I was extremely lucky to find an 1890 lengthy obituary for my Scottish gt.grandmother's brother Kenneth Mackenzie b1817, which not only described the man but how someone of modest beginnings can attain so much more. It also explains why my grandfather moved outside the naming pattern and had a son called Ken:
<Mr. Mackenzie was born seventy-three years ago at the Clyde Iron works, where, under the eye of Messrs. Dunlop, he received that excellent business training which stood so well to him in after years. He was a man, too, who built his own fortune, who owed his success in life to his native ability, to his straightforwardness of purpose, to his unbending integrity, and to his resolute perseverance, because he began life empty-handed, and at the bottom of the ladder with nothing to help him onward and upward but the characteristics we have just mentioned. But to a man like Mr. Mackenzie this was all that was necessary, for to such good purpose did he apply them, and so absolutely trustworthy was he, that while quite a young man, he was promoted to the managership of the very iron works he entered as a boy. ...........
Always plain and unostentatious, he had ever a smile for, and was always accessible to, his humblest employee, while at the same time he was capable of exacting the respect of the proudest in the land.

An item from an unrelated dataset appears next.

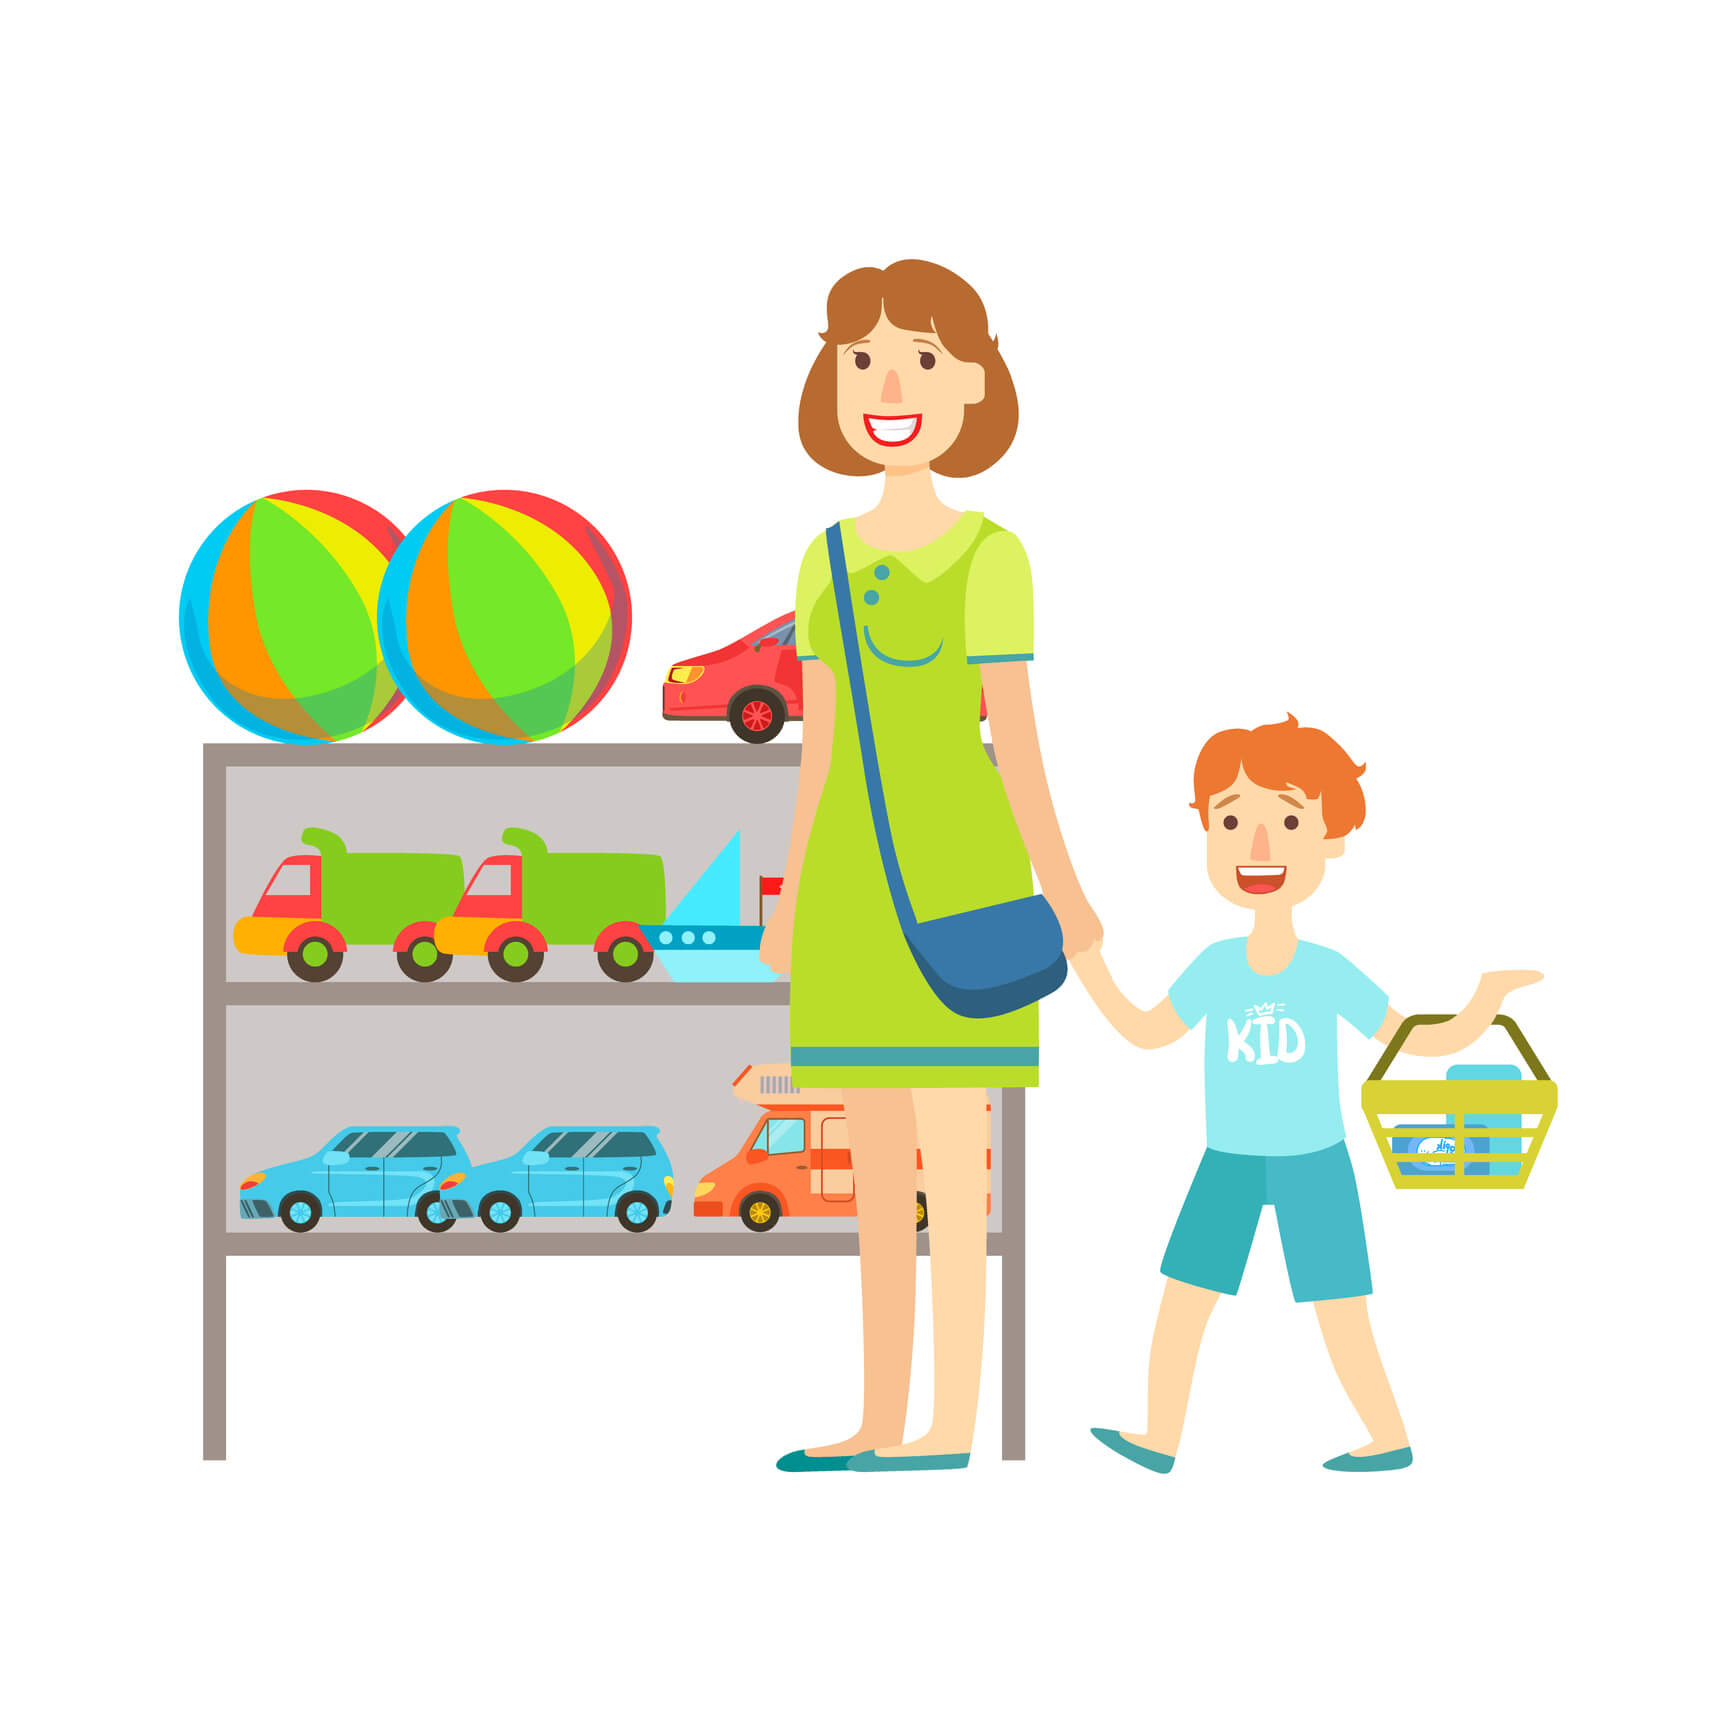 Иллюстрация продавец магазин игрушек для детей

The welfare of his people bulked largely in his mind, and his many services to them will not soon be forgotten. By his demise the poor and needy have lost one whose ear was never closed to their cry of distress, and whose purse-strings were never drawn tight in the face of want. Throughout his whole life he believed in the doctrine (and what was better, he constantly practiced it) that it is better to help to build a man up than to knock him down.